For example, a few studies have been performed under controlled conditions to
try to determine how typographic details like line length affect measurable
performance levels such as reading speed and retention. There are many rules
of thumb floating around — “2.5 alphabets”, “8–10 words”, and the like — and
it actually does turn out that most of them are reasonable. It also turns out
to be unwise to consider line length in isolation, that a wider range of
lengths can be used before serious degradation is widely observed than some of
the old folklore would suggest, and that having lines too short can also cause
serious degradation in reading performance, among other interesting results.

Another good example is the consistency of user interface elements. Numerous
usability tests, from formal studies to simple A/B tests on web sites, support
the theory that violating a user’s expectations tends to have negative
effects, sometimes severe ones. Of course you always have to be careful not to
assume too much about what your users’ expectations might be, but things like
using green for cancel and red for confirm almost invariably exhibit poor
performance with audiences who are used to the opposite convention.

On the other hand, if someone tells you the Golden Ratio is important for
keeping some sort of page area proportionate, it’s a good bet that this person
should be hunted down and locked away by the maths police.

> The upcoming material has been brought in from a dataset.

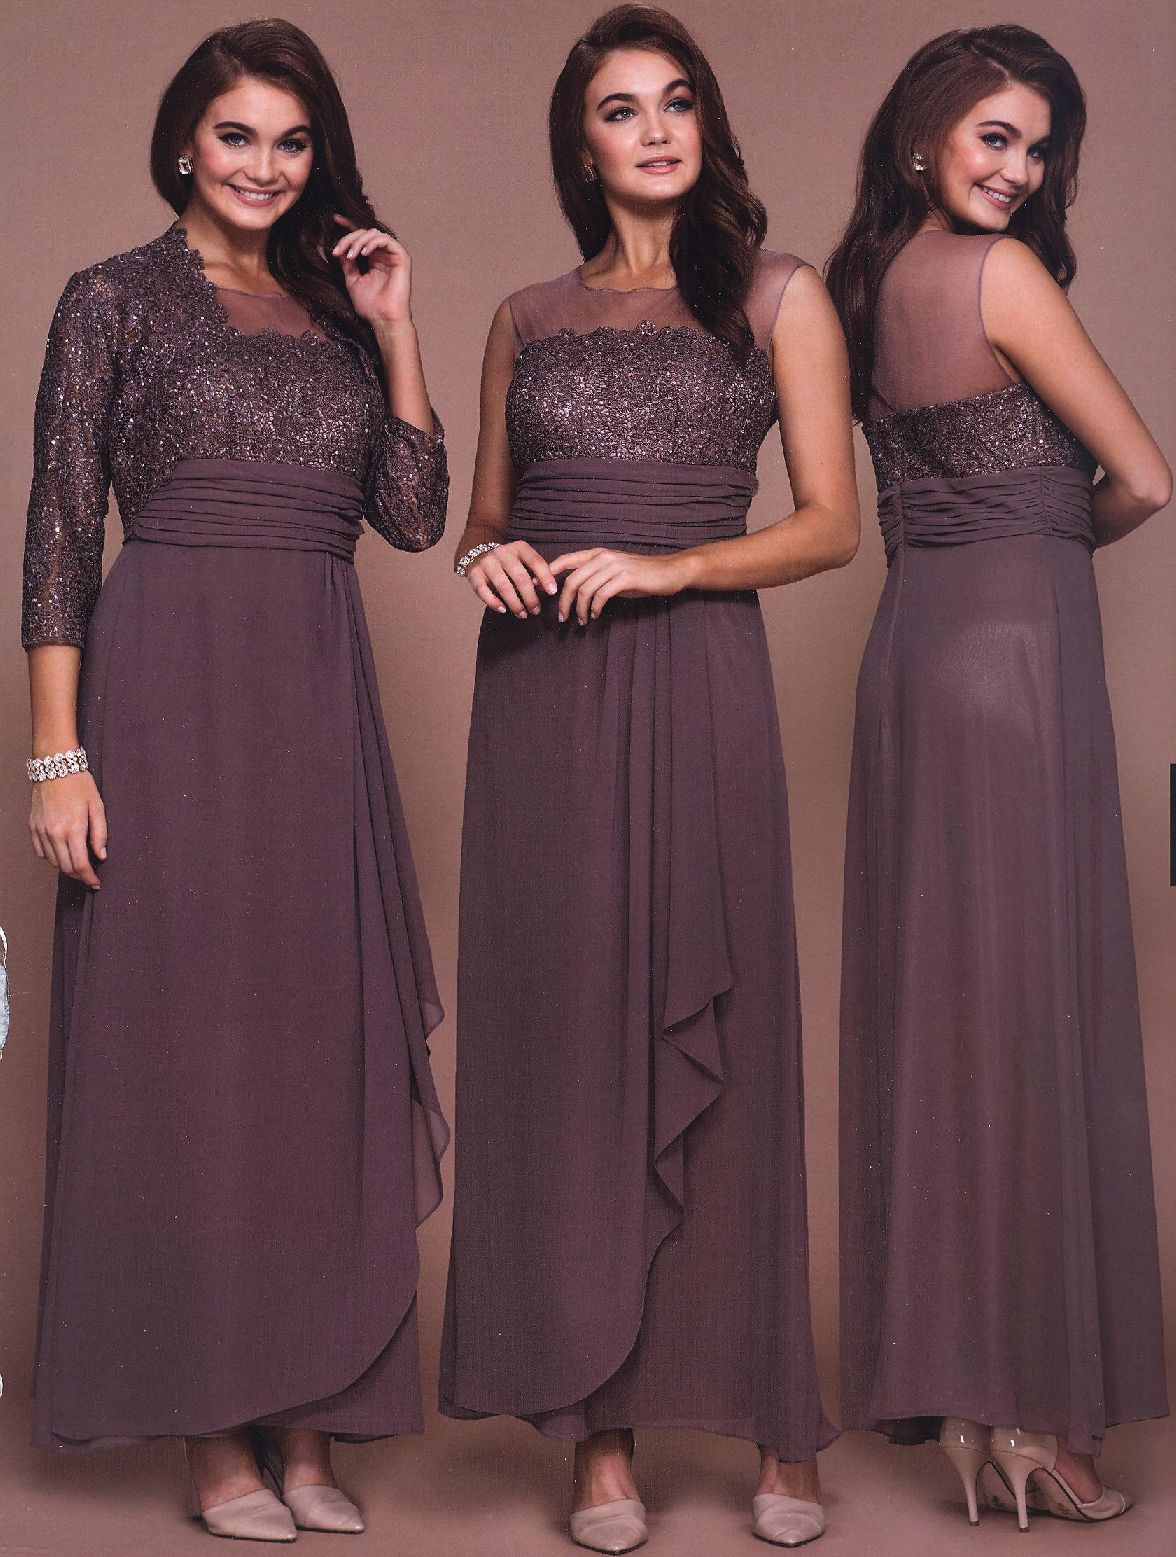 Wedding dresses under $200  Evening Dresses Mother of Bride Dresses UNDER  by ANABELucBR

Using precise
ratios really does matter in some contexts: if you look at the ratio between
the width and height of a piece of A4 paper, it is aiming for exactly √2,
which is why two A4 sheets fit neatly into one A3 sheet and so on up and down
the scale. However, someone who is advocating use of the Golden Ratio for
width/height proportions usually just likes the look of dimensions that are
proportioned roughly 5:3, and probably has no hard data to support choosing
that over 3:2, 16:9, 1:1, or any other ratio that fits with the rest of the
design.

Likewise, if someone advocates picking a colour scheme based on where certain
hues fall on a wheel, consider that hue represents only one dimension. The
most common colour models for human vision use three, and in practice if you
fix the others (typically saturation and lightness) and just choose evenly
spaced and/or opposing hues around a colour wheel, the results are rarely
good. That means much repeated ideas like choosing analogous or complementary
colours are, at best, only part of the story. If you’re using a typical colour
wheel for computer graphics that has red, green and blue at 120 degree
separations and then cyan, magenta and yellow on the 60s, those ideas are even
less helpful, because it turns out that by the time the human eye has detected
the light and the human brain has interpreted the resulting signals, those
colours aren’t really uniformly spaced around the wheel anyway; see the
trichromatic vision and opponent process theories, or the early experimental
work of Munsell.

In short, there really is robust evidence that some established design
principles are worth following, though rarely do minor variations in design
cause major variations in performance. However, there are also some dogmatic
assumptions in the design world that get passed on as if they are inalienable
truths but in reality have little evidence to support them.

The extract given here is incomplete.